Investment income fell 9% from $695 million a year ago to $632 million, while underwriting gains nearly doubled from $257 million a year ago to $511 million this year.
Jay Fishman, the company’s CEO and chairman, said:
Our results were driven by strong underwriting performance across all of our business segments, as reflected in our consolidated combined ratio of 90.8%, as well as net investment income which was consistent with our expectations. We continue to deploy our capital first by seeking opportunities that offer attractive returns, and then by returning excess capital to shareholders. In the quarter, we returned almost $1 billion to shareholders, including approximately $800 million in share repurchases. … Given our strong product returns, our goal has been to retain a high percentage of business that meets our return thresholds, to improve profitability where needed, and to actively seek and quote on new business that is consistent with our profitability targets.

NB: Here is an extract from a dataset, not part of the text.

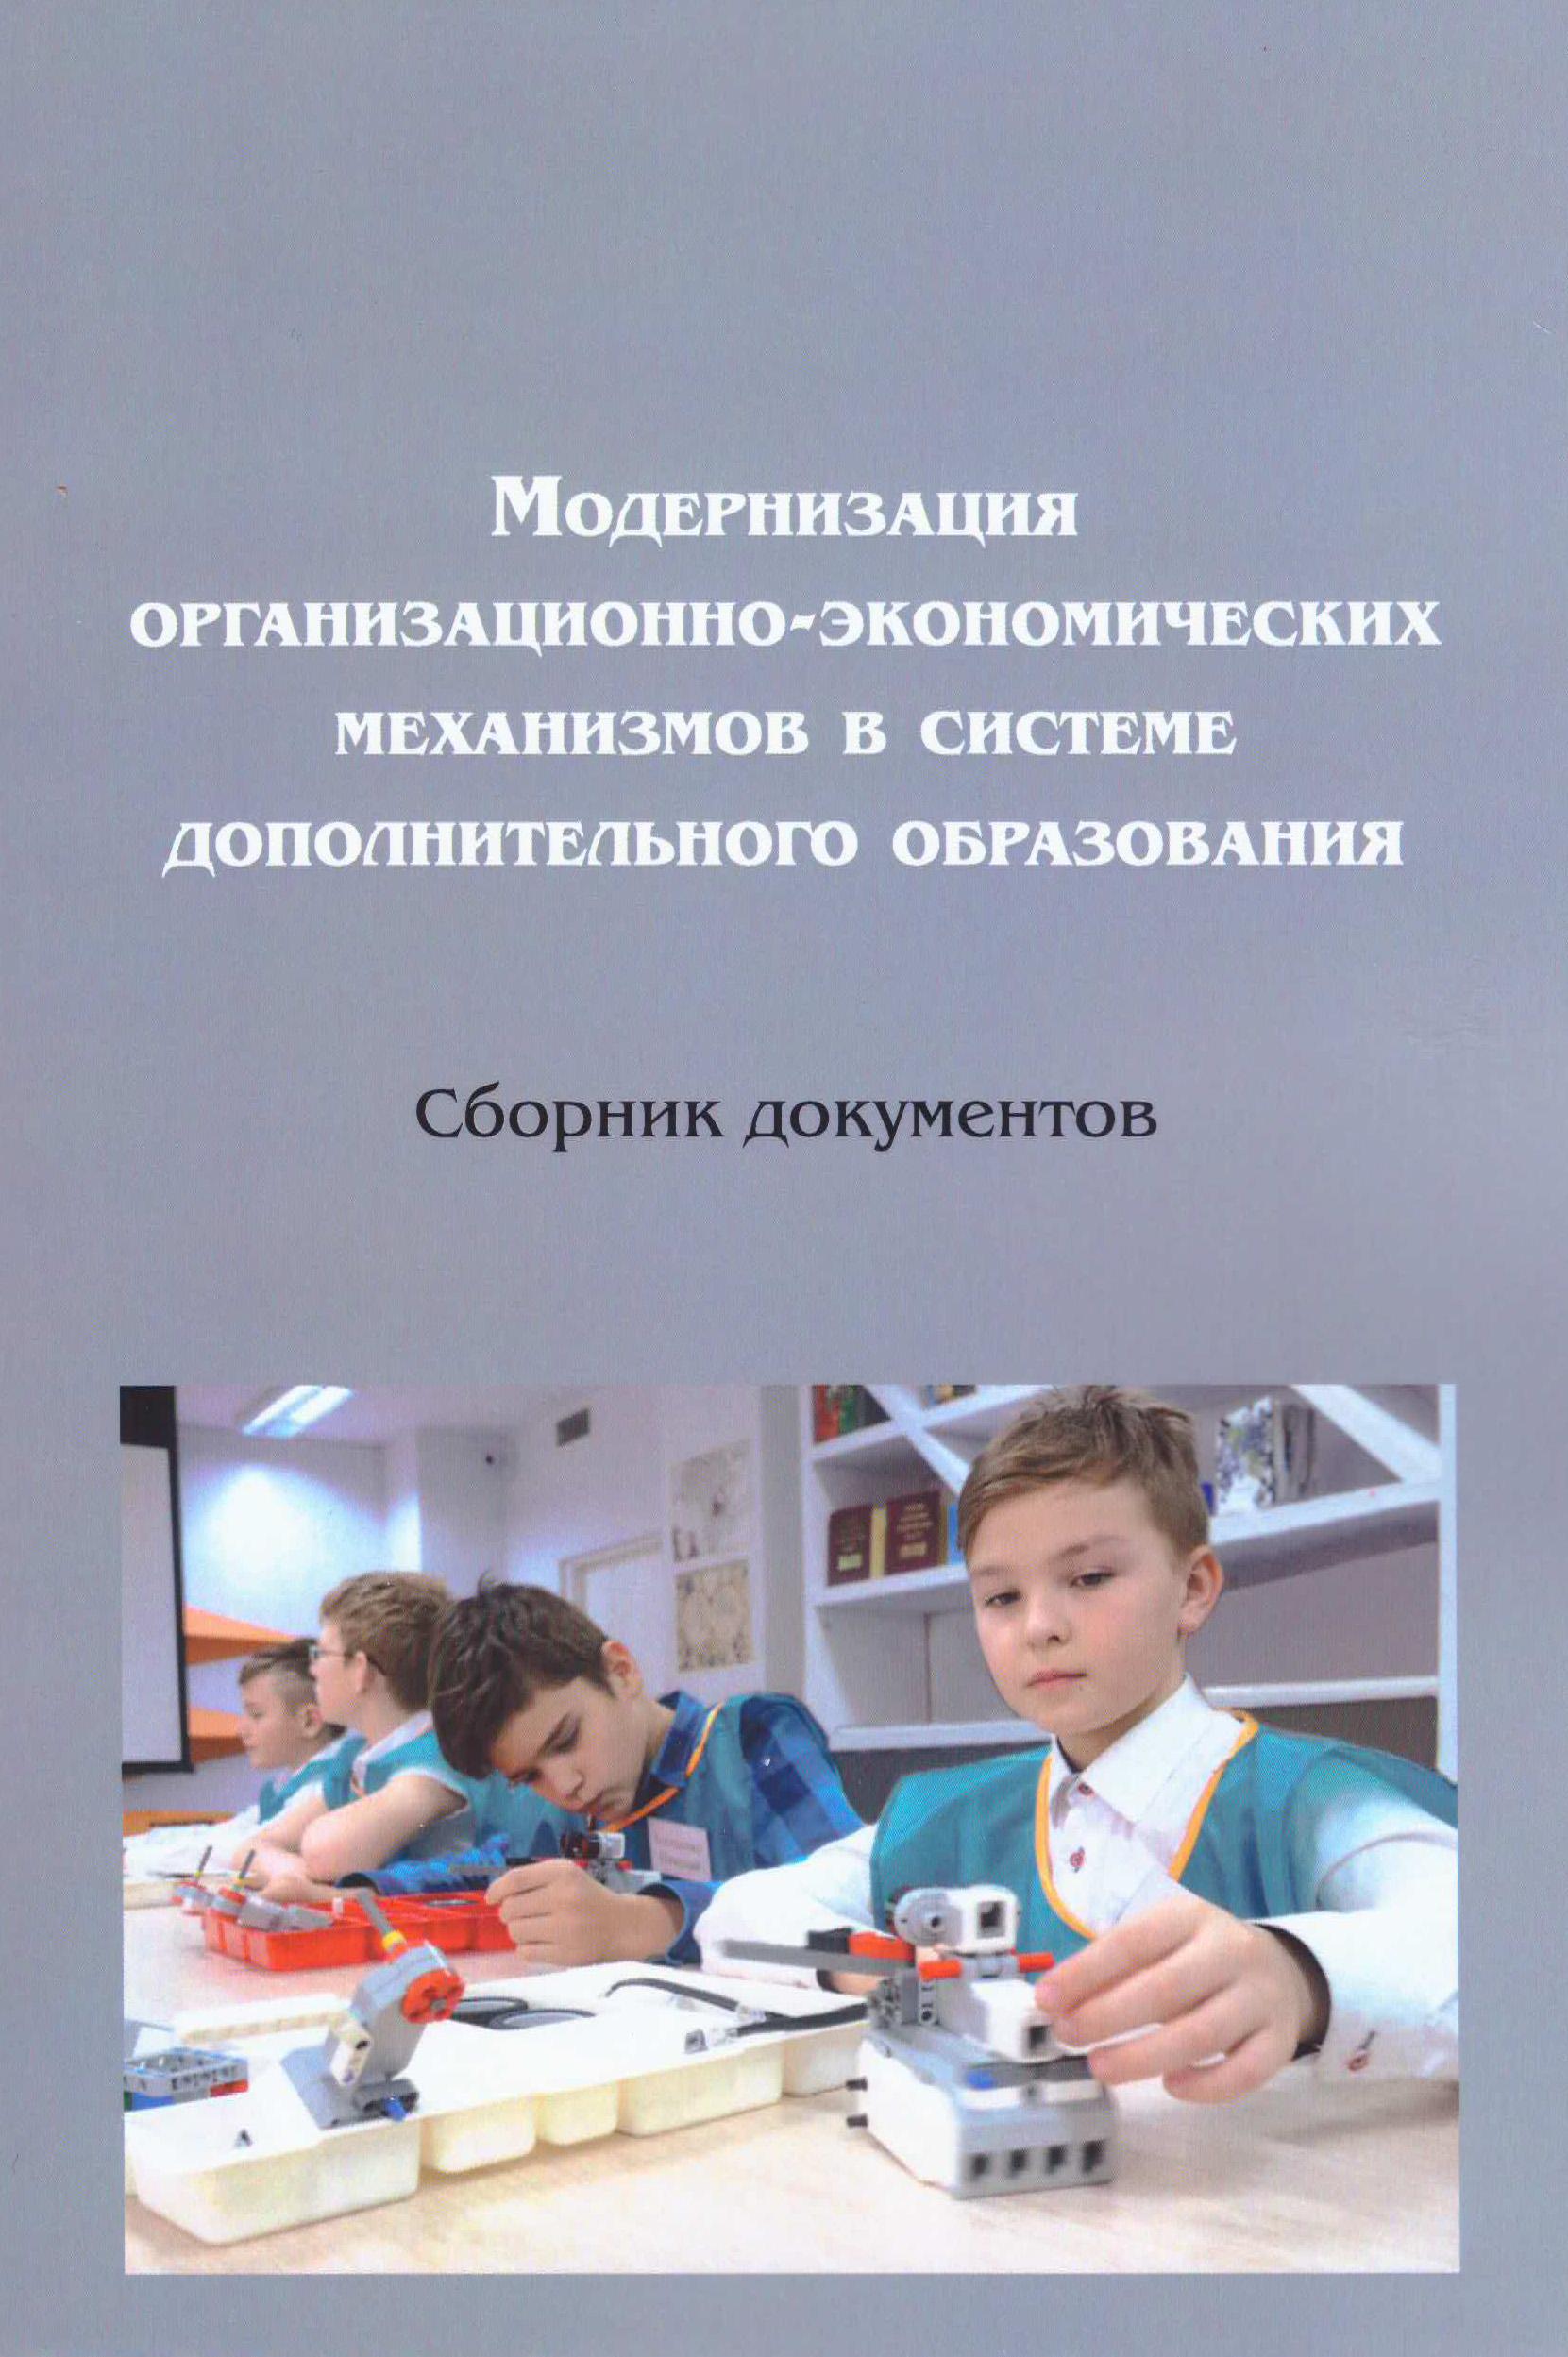 Модернизация организационно-экономических механизмов в системе дополнительного образования

The company did not offer guidance with its earnings report. The consensus estimates from 26 analysts call for third-quarter EPS of $2.10 on revenues of $6.14 billion. For the full year, EPS are projected at $9.33 on revenues of $24.2 billion. The consensus price target on the stock is about $108.50.
Shares closed at $102.61 on Monday and were inactive in Tuesday’s premarket session. The stock’s 52-week range is $88.81 to $110.49.